From: | Yuan Jinyang (****@yahoo.com) |
Sent: | Sun 5/02/10 7:43 PM |
To: |
Business offer for you worth USD45,275,000.00. Are you interested?
AM I interested?
I’m sorry, that’s an unfair question. Just between you and me, Yuan, I wouldn’t exactly say some theoretical Phish cover of The Grateful Dead's song “Deal” is worth $45, 275,000, I don't care how rarely they play that particular crunchy jam. I wouldn’t buy it on iTunes, for instance, so to me personally it isn’t even worth 99 cents. You see where that leaves us. Impasse. Hostilities are inevitable, Yuan, they’re a part of life. I defy you to convince me Phish is capable of creating a song for which I’d pay 99 cents. Pantera, now THERE was a misspelled-animal-name band. Pantera is so metal one of their members got shot ON STAGE! Shot in the FACE! Dimebag Darryl (was there ever a more white trash name?
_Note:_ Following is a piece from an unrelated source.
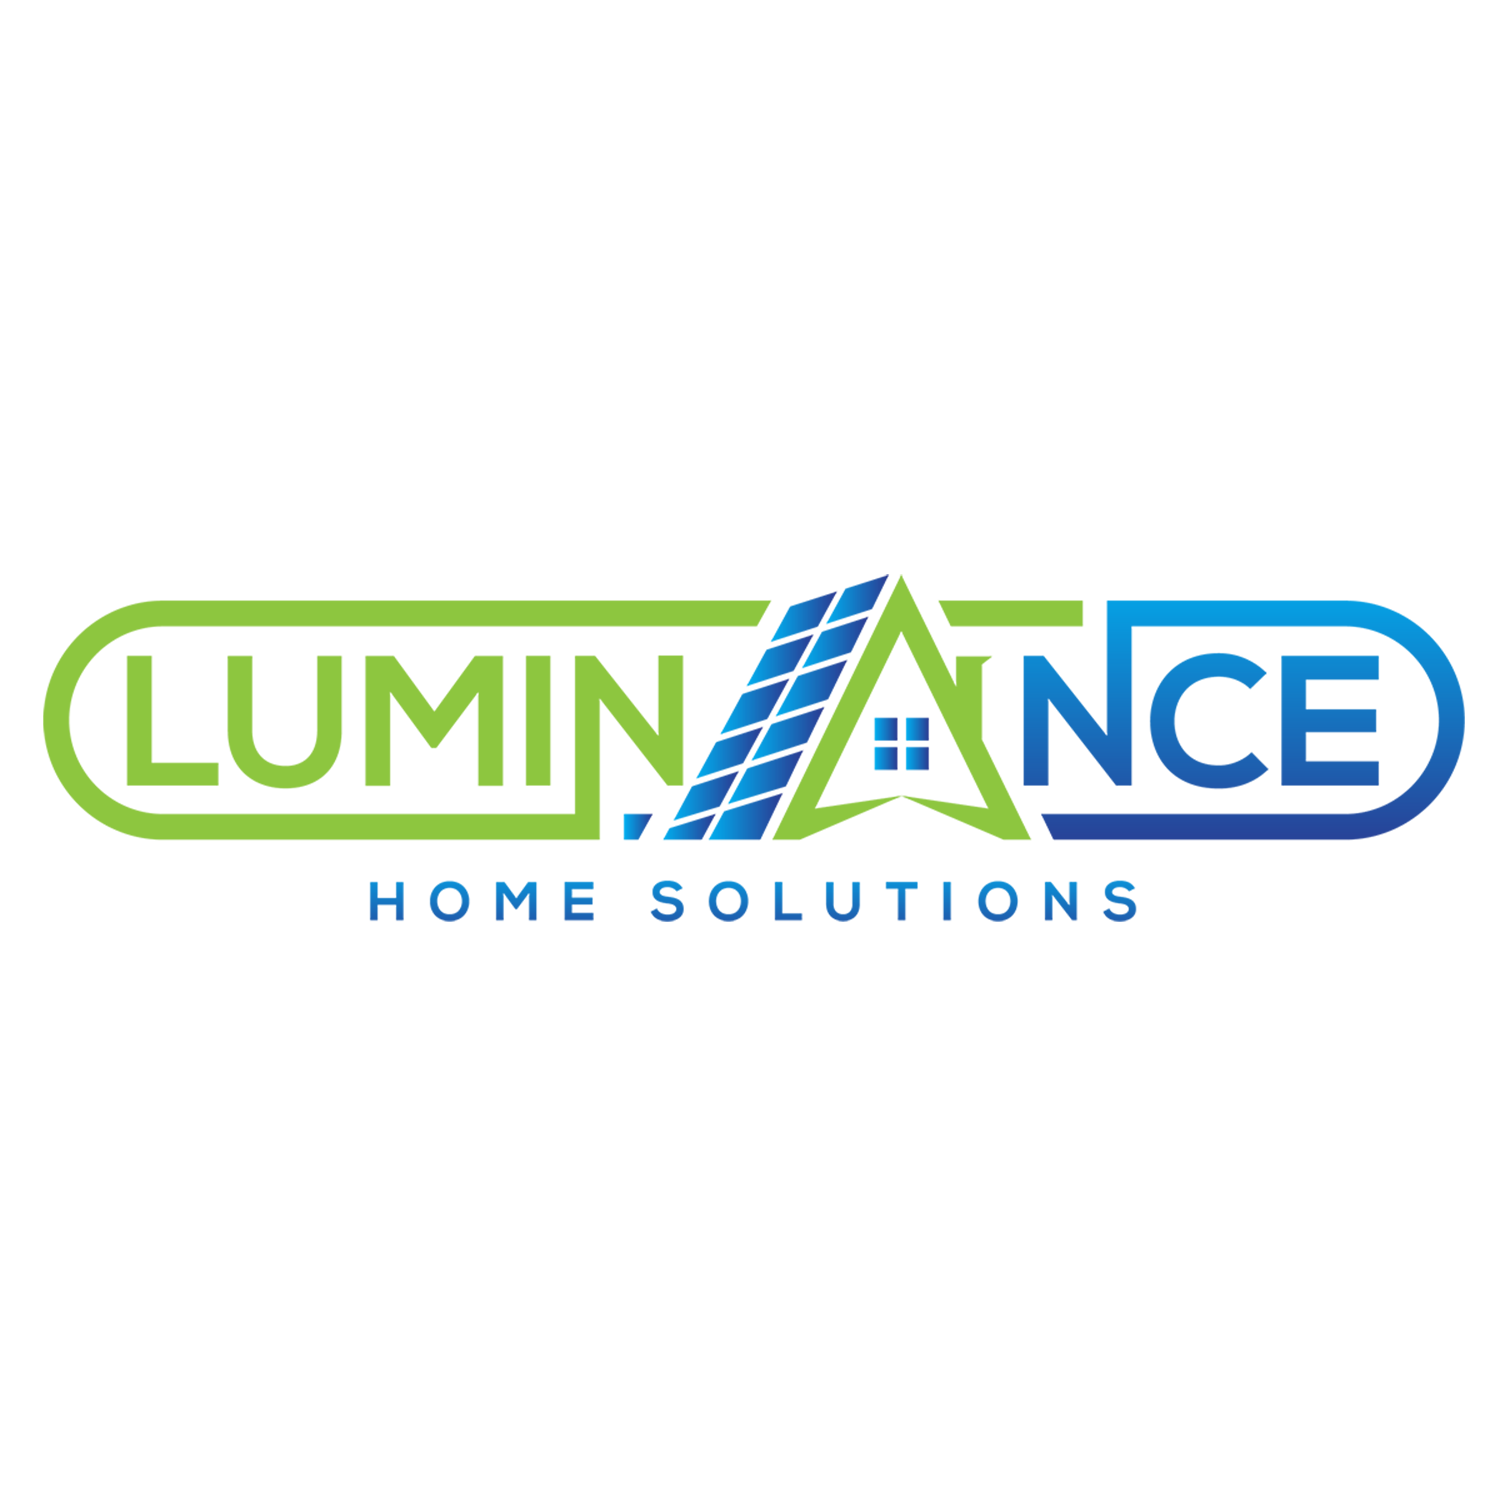 Luminance Home Solutions, a SunPower Partner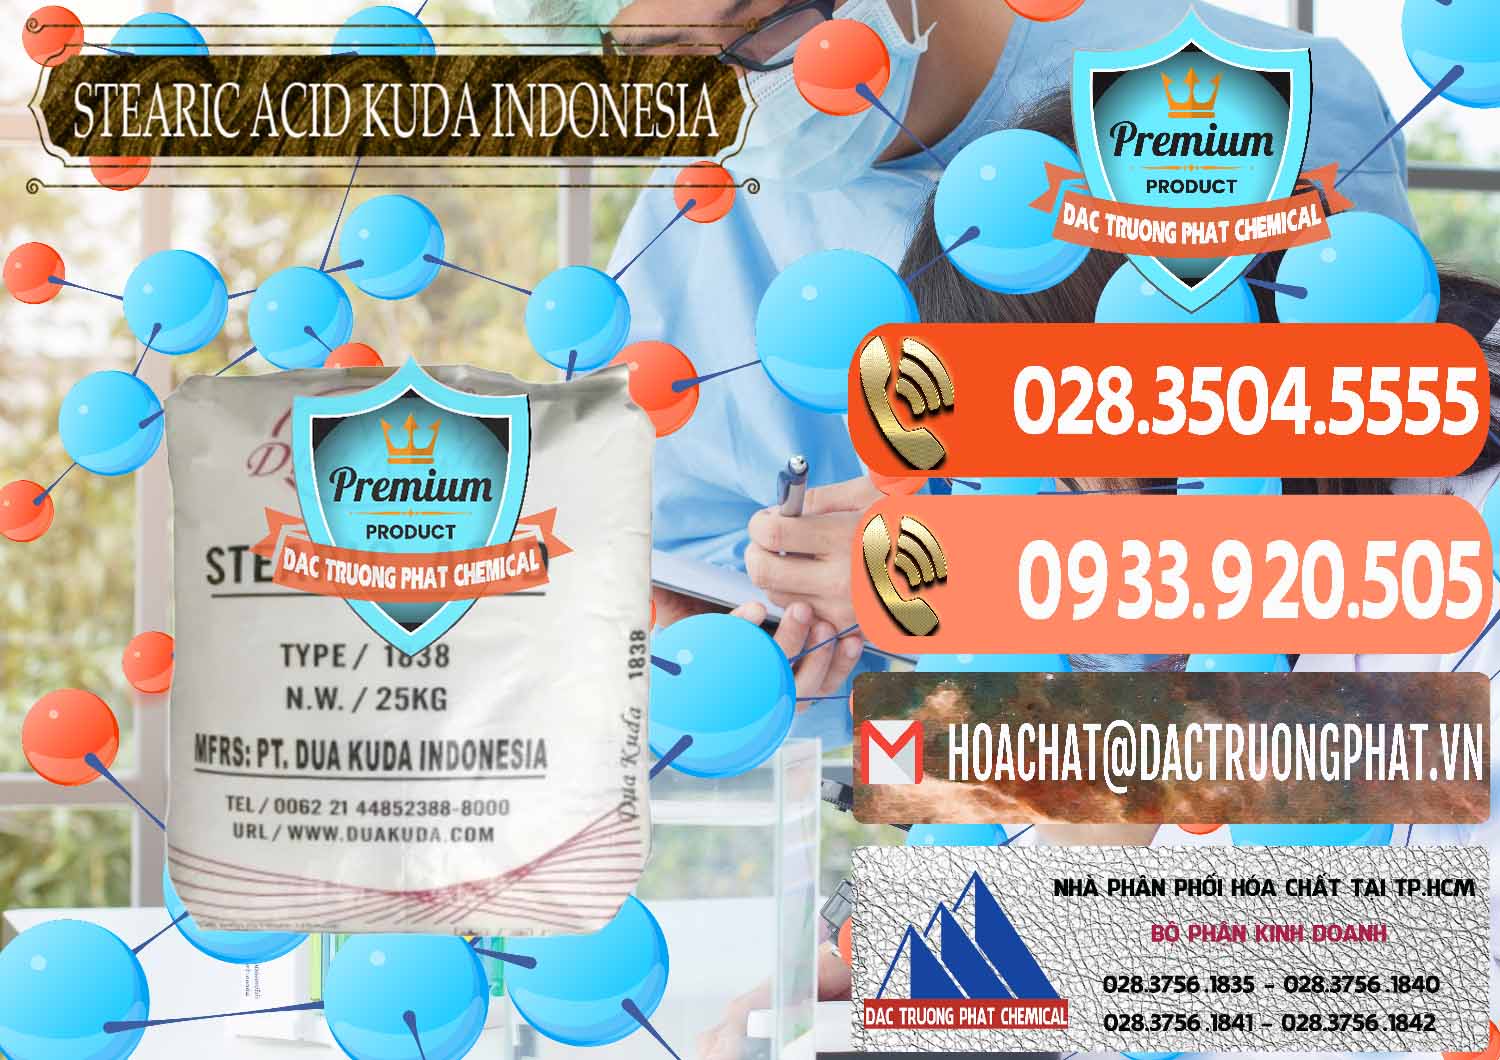 Cty chuyên bán & cung cấp Axit Stearic - Stearic Acid Dua Kuda Indonesia - 0388 - Chuyên kinh doanh - cung cấp hóa chất tại TP.HCM - hoachatmientay.com

No.) getting shot in the face, even though it was after Pantera broke up, means Pantera is more metal than an iron maiden chamber dipped in titanium, say what you will about what a regrettable person Phil Anselmo turned out to be.
People don’t understand, Yuan. Life used to be metal as all get out, then some Chinaman invented gunpowder and ever since then the strength of a man’s arm and his lust for battle has withered beneath the onslaught of faint-hearted Belle And Sebastian fans who have the ability to pull a trigger. It sickens me. It sickens me to my very soul, and although I’ve started carrying a sword around all people say is “Man, that’s so metal.” Do they have any idea what they’re saying? I look at them with their non-corrective glasses and sailor tattoos and reedy, malnourished legs and all I can think about is how ashamed their fathers are that they wouldn’t even try out for football. “Sorry dad, I’m just more passionate about yearbook staff. Plus football’s just so competitive and Neanderthal. ‘Ooh, look at what a big man I am, I can hit and run and bench press my own bodyweight.’” COWARDS. No age has embraced the coward with more relish than this one, Yuan. Cowards! How God hasn’t looked down from Heaven and punched this pathetic planet’s ticket before now I’ll never know. He must listen to Tegan and Sara.
Meanwhile, Satan’s having a 18 kegger raging party with Dimebag and Cliff Burton and the original drummer for Motorhead before they made it big, with blow and a girl poppin’ just one tit out of her Hanoi Rocks t-shirt and pellets of heroin you put in your rectum and some skank offers to give you a dry handy in the bathroom as soon as no one’s looking and she does and it’s the best one you’ve ever had, and you don’t miss your parents or teachers because school’s out baybay! It’s party time in HEEELLLLL, YEAAAH! C’mawhn lemme hear ya! Ah seh, lemme HEAR YA! WOOOOOOOOAAAAAAAH YEAAAAAAAAH! PUTCHA HAN’S TUHGETHA! YEW MIGH’ REMEMBUH THIS SONG FROM OUR FIRS’ ALBUM, IT’S CALLED “(WILL YOU BE MY) YANKIN’ SKANK? ”
I assume you see the appeal. For me, Yuan, the gentle, stoned minstrels of Phish are emblematic of the crushed masculinity of this digital age. They would have perished, and justly so, in any other time in history, due in no small part to their criminally underdeveloped upper body strength, not to mention their complete lack of hunting/gathering skills. A part of me wishes for the end of this wondrous time, where the knowledge of the ages is only a mouse-click away. If it ended, perhaps humanity could be free of these machines we strap to ourselves desperately seeking some shadow of the ecstatic experience our ancestors had every time there was an eclipse or meteor shower or the tribe discovered a new waterfall. This LED torchlight we use to awkwardly grope our way to some imagined better future is cold and I find no comfort in it, Yuan.